Around this time, he also met Anthony Kitila Makau, a taxi driver who soon became a close friend. Makau drove him around the city and helped him identify a car to purchase for the mission.

“They became so close that they started partying together in various clubs in Nairobi, and Abdimajit attended a birthday party at Makau’s residence in Lucky Summer,” the police document notes.

On December 27 last year, intelligence and security forces traced Abdimajit to Wajir, then Elwak the following day, and across the border in Somalia on December 30.

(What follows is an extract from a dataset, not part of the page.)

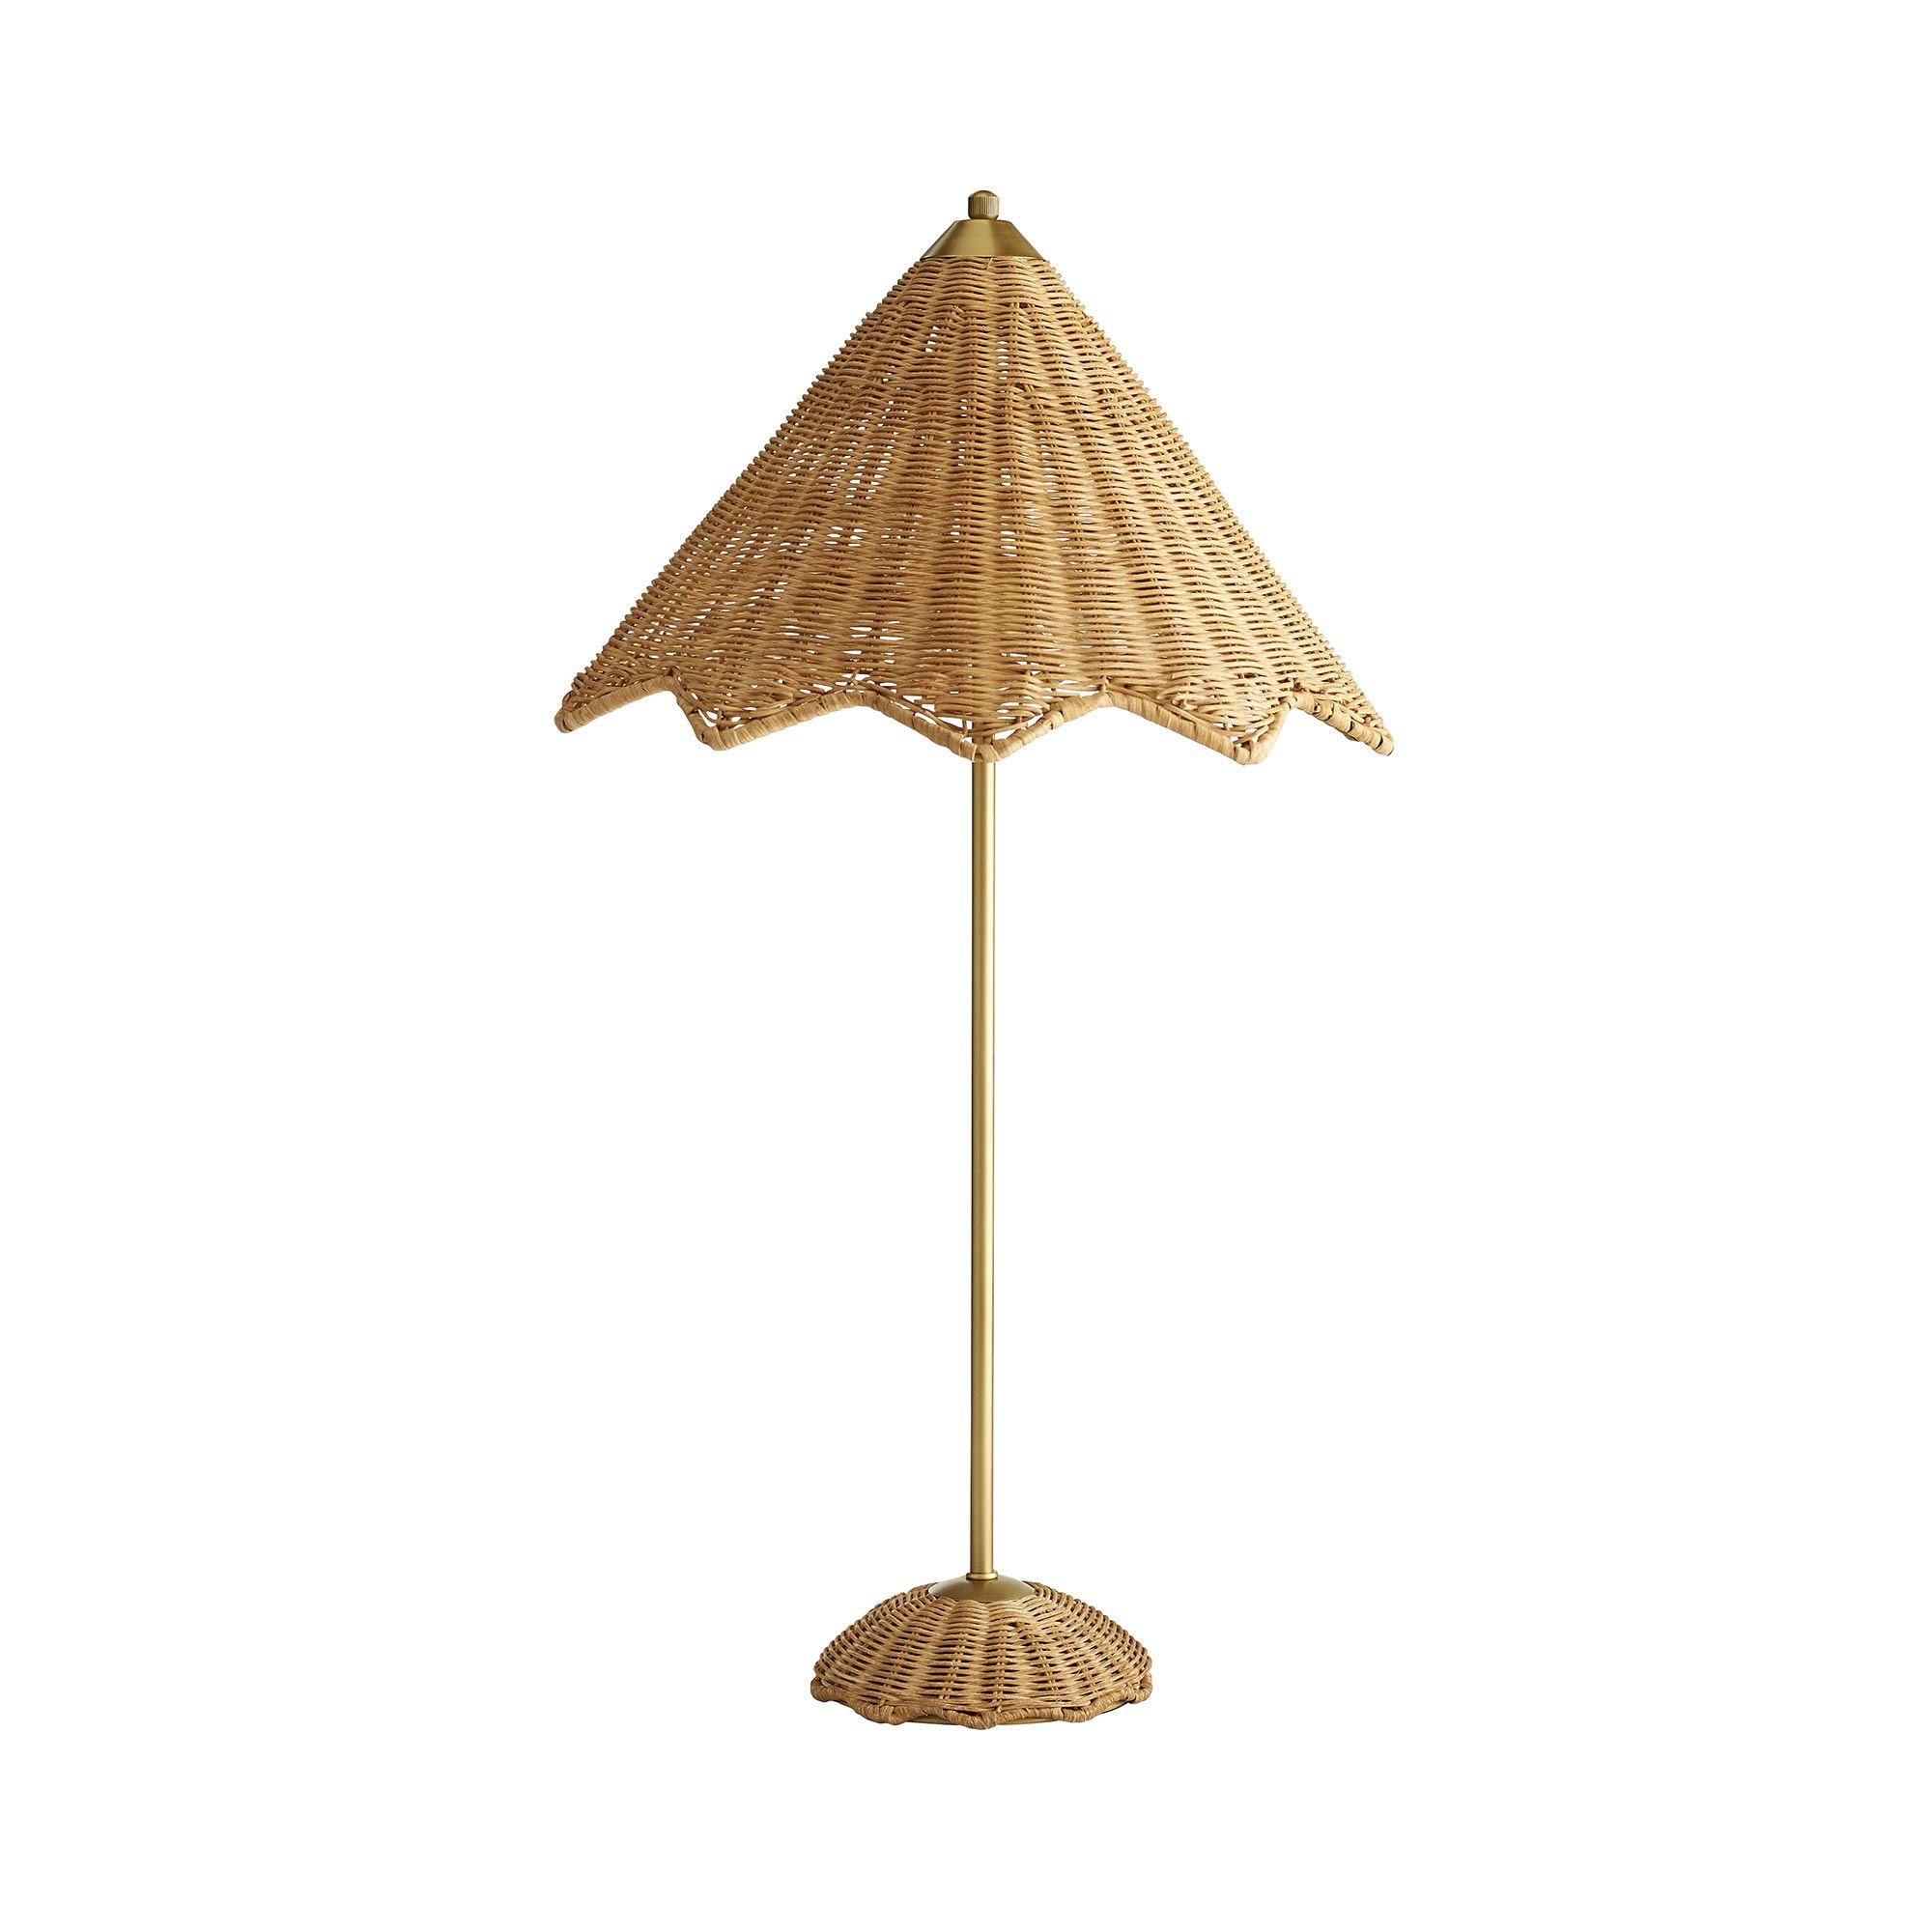 Smeltend Stereotype dwaas DC49018 - Parasol Lamp - Natural Rattan, Antique Brass

Two days later, on January 1 this year, he started the journey back to Nairobi, where he arrived on January 3.

He left Nairobi on January 12 for Kachuru in Meru, where he stayed until January 17, when he went back to Nairobi. On February 1 he left again for Somalia. On February 5, Abdimajit travelled to Elwak and left for Somalia on February 7, then went back to Elwak on February 9 for a flight to Nairobi.

He had booked a room at Delta Hotel, opposite Central Police Station in Nairobi, where he stayed from February 9 before leaving for Maua in Meru on February 14.

CHANGE ID DETAILS

While still in Nairobi Abdimajit had given Sh10,000 to John Kiarie, a messenger at Homeland Insurance Brokers, and asked him to link him up with someone who could help him change the details of his national identity card.

Kiarie linked him with a woman only identified as Wanjiru, who introduced him to Lydia Nyawira Mburu for the printing of four fake Kenyan ID cards at a cost of Sh160,000.

Lydia works as a secretary and printing assistant at Paste Printers, a small firm housed at Ridge House along Luthuli Avenue in Nairobi, and she says she only pocketed Sh4,000 from the entire deal.

Abdimajit left for Merti on February 15 to wait for the explosive-laden Mitsubishi SUV, which was headed his way from Elwak. He was arrested that same day alongside his close associate, Mohammed Nane, before he could travel to Nairobi for the attack. Another accomplice was killed during the raid.

Police say the shot suspect was a 27-year-old technical expert named Mbarak, who was to arm the bomb and grenades in Nairobi on the day of the attack.

The suspects planned to detonate the massive pipe bomb at the Supreme Court then attack nine other installations with IEDs, grenades, and guns.

Mr Boinnet, the police chief, says the larger bomb would have caused destruction and massive deaths within a radius of 250 metres.

An expert attached to the Bomb and Hazardous Disposal Unit says a kilogramme of TNT can cause destruction within an 11-metre radius. Abdimajit’s explosives weighed 110 kilogrammes in total.